Jewish Community Centre Toronto

Yesterday I took my first yoga class in the history of my non-flexible life.

I was in over my head, and after an hour of being improperly attired, gasping, wobbling dangerously and lurching about as if blindfolded, existing wholly out of synch with the rest of the class, two other students actually approached me to offer me some consolation. They wanted me to know that it took them years to reach the levels they had achieved, and that given time, I might, too. The instructor, who was kind and helpful, as I am led to believe all yoga instructors are, told me that she did not want me to hurt myself and that perhaps I should try a less challenging branch of yoga.

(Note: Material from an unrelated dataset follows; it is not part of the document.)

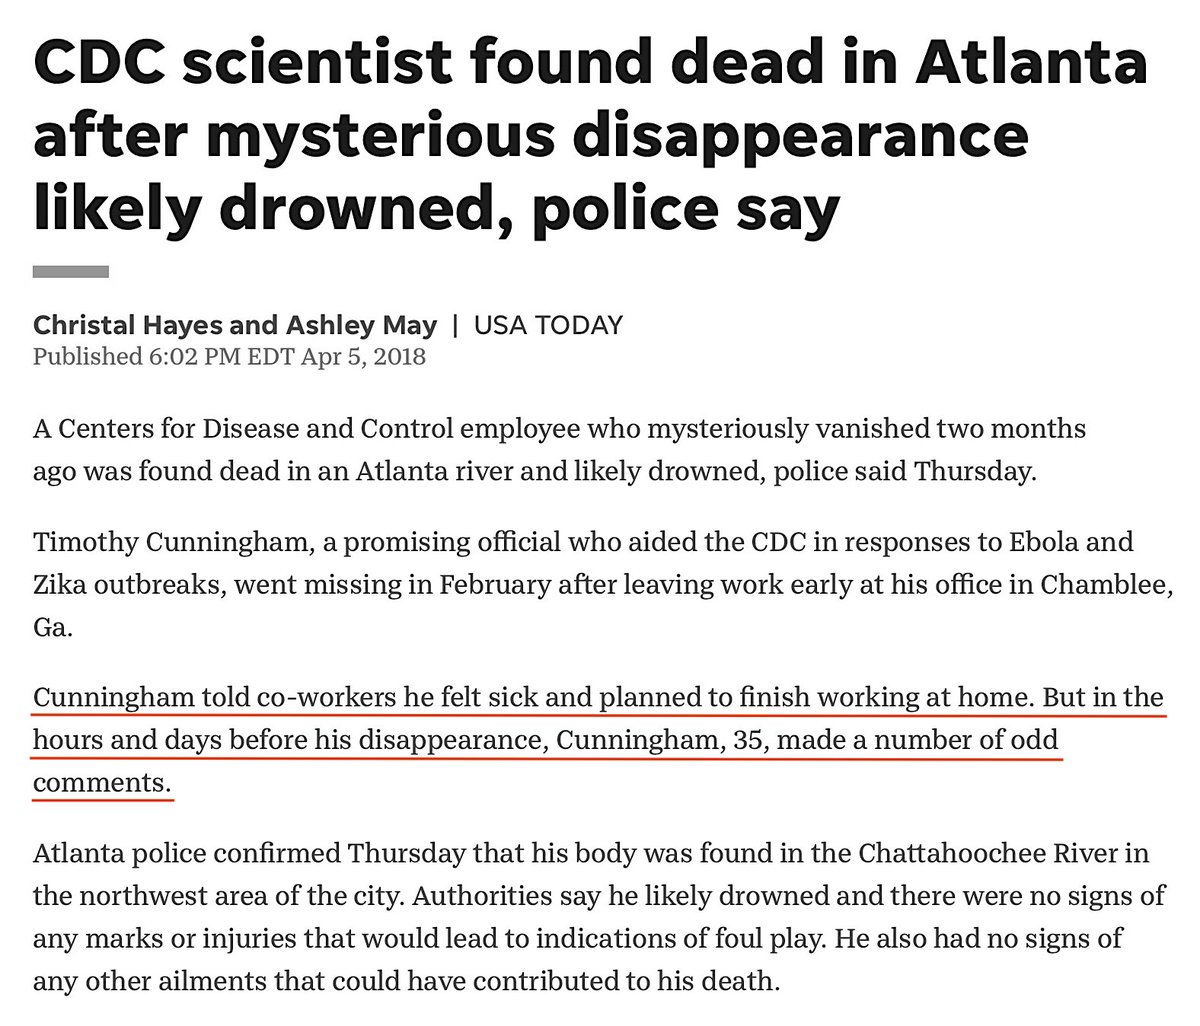 Timothy Cunningham's Body Was Found Partially Submerged In The Chattahoochee River In NorthWest Atlanta. The Fulton County Medical Examiner’s Office Identified The Body.April 5, 2018 https://eu.usatoday.com/story/news/2018/04/05/cdc-scientist-found-dead-atlanta-after-mysterious-disappearance-police-say/489845002/ #QAnon  #Vaccine  #VaccineDeepState  @potus

I couldn’t have agreed more.

I had of course imagined this day many times, picturing myself as the funny, if slightly creepy, older guy in the back row. I would make friends and surprise everybody with what a quick study I was. However, instead of being securely positioned in the back, slacker row, I was placed in the front row by the attentive and concerned instructor, and wasn’t able to prove myself funny to my peers as I was always out of breath, in pain or struggling in some other manner. To everybody else in the room, I probably appeared kind of sad and a little bit distracting. It wasn’t that everybody was looking at me it was more that everybody wasn’t looking at me, as if they couldn’t bear to watch, as I was a grim reminder of human mortality. I felt like a salesman nobody wanted to make eye contact with, like a person with a dry, hacking cough, or even a completely different species, some doomed sea creature that washed up on the beach and was covered in oil. I was conspicuously “the other.”

From various angles, as I looked up and into the mirror in front of the class, I saw spread out behind me rows upon rows of beautiful, graceful people moving in perfect, almost effortless harmony. It was as if, dying in battle, I saw fleets of angels waiting behind me to carry me home.

No matter, I am going to keep trying, just a much tamer version. Clearly POWER YOGA is not for me, but even so, it was a fun and worthwhile experience, however it was obvious that even within the apparent inclusion of such an enterprise, a person such as me, so out of place and asymmetrical, really would have been a continued disruption. My incompetence, even my spirit of incompetence, was ruining the vibe and rendering the holy sanctuary muddy, and I felt like I’d just done a cannonball into the cool, tranquil pool from which all had come to drink after their hard days work.